また年齢や役職にかかわらず、実力や実績で評価される傾向にあるため、高いモチベーションで仕事に取り組むことができます。

自分自身のスキル向上がしやすい環境を選ぶことも、個人として将来性を安定させるために重要です。

3.フリーランスとして独立する

SIerとしてシステム開発・導入の一連の技術や知識があるなら、フリーランスとして独立することもひとつの道です。

フリーランスとして活動すれば、自身のスキルアップはもちろん、収入面も会社員時代より高くなる可能性があります。

すぐに独立するわけではなくても、将来的にフリーランスになることを考えて、今から必要な技術や知識を身につけていきましょう

行動を起こすのが早ければ早いほど、フリーランスとして活躍できる日も近づきます。

まとめ:SIerは完全にはなくならない。

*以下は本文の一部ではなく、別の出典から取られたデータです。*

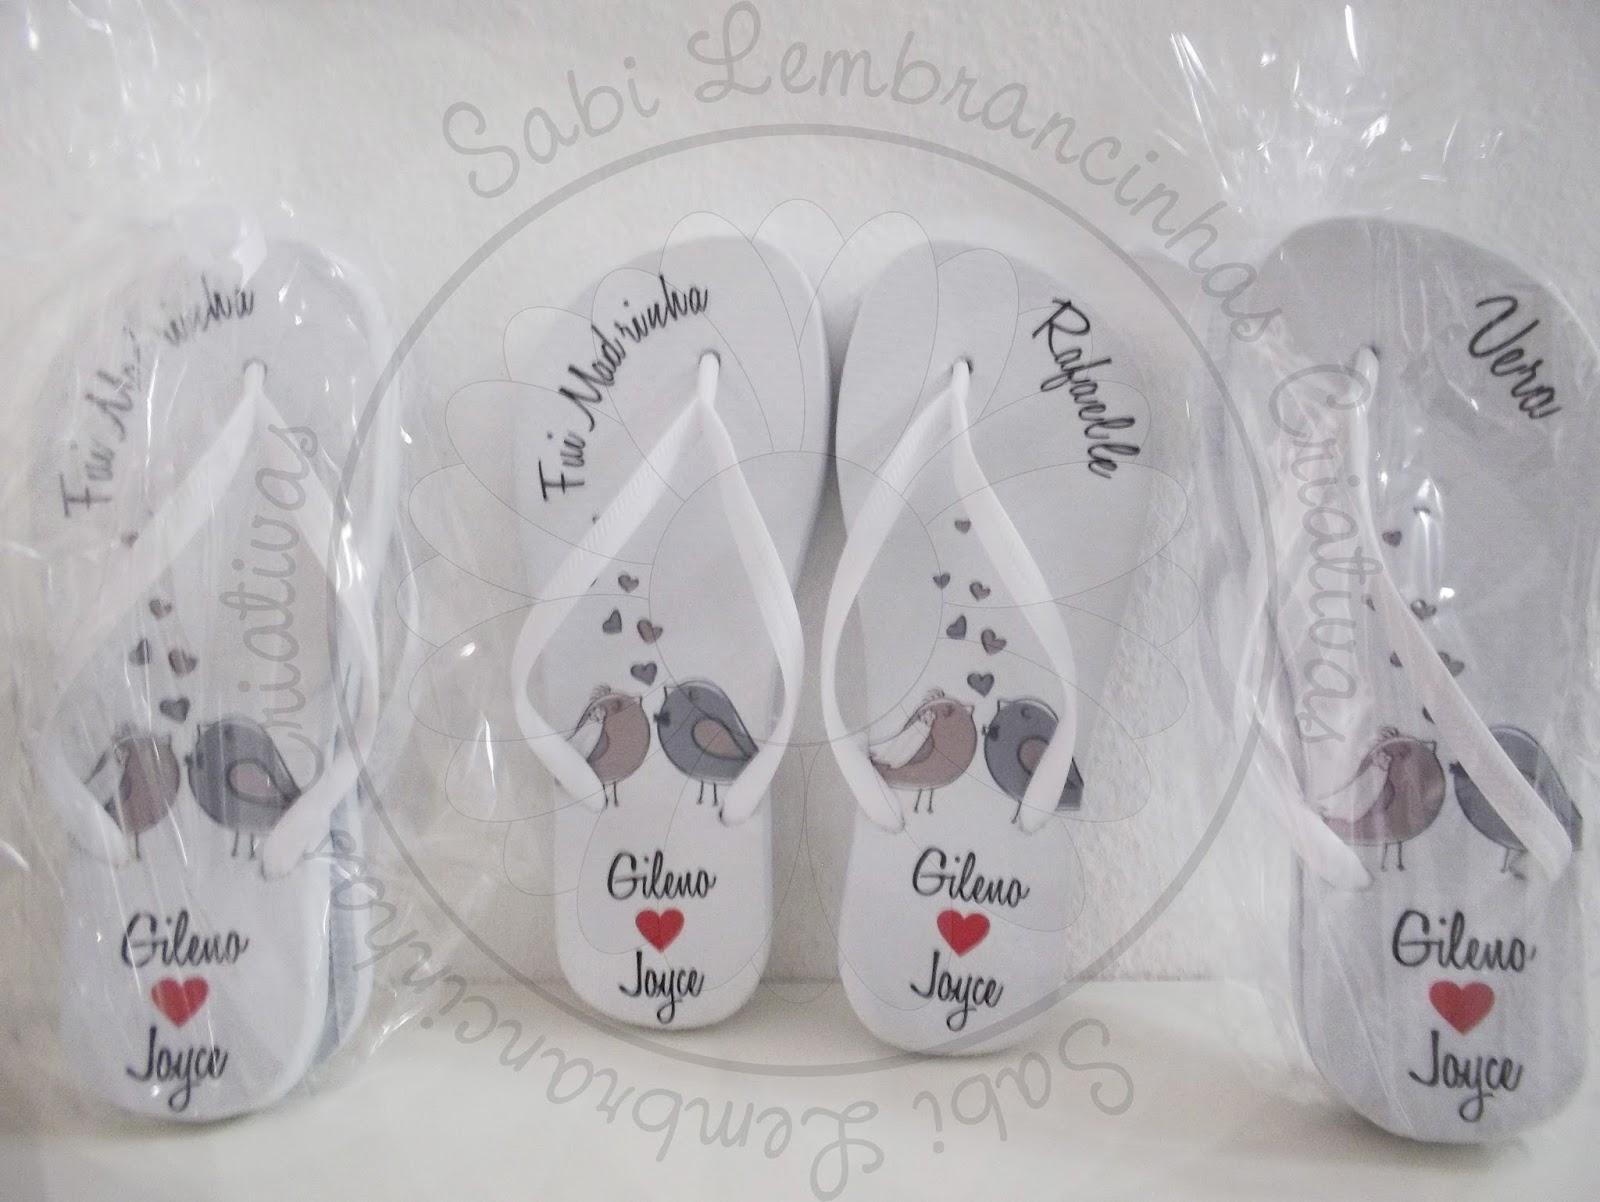 f3bab94b4 Lembrancinha de Padrinho: A Noiva Joyce (SP) encomendou para suas Madrinhas  7 Pares de Chinelo Personalizados e para os Padrinhos 7 Canecas de  Porcelana.

安住せず今後のキャリアをよく考えよう!

今回はSIerの将来性についてお伝えしました。

SIerという仕事は今後も完全になくなることはありません。
しかし、技術的なスキルを身につけたいと考える人には向かない業界かもしれません。

将来性に不安があるのなら、

  • 副業でスキルや経験を培う
  • Web系など自社開発をする企業への転職
  • フリーランスとして独立する

など、積極的に自分のキャリアを考えて、行動を起こしていくことが重要です。

SIerとしての経験やエンジニア技術を磨けば、個人として今後も仕事に困らない人材になることは十分可能。

現状に安住せず、スキルを身につけて将来活躍していける人材になりましょう。

ぜひこの記事を参考に、安定したキャリアを築いていってくださいね。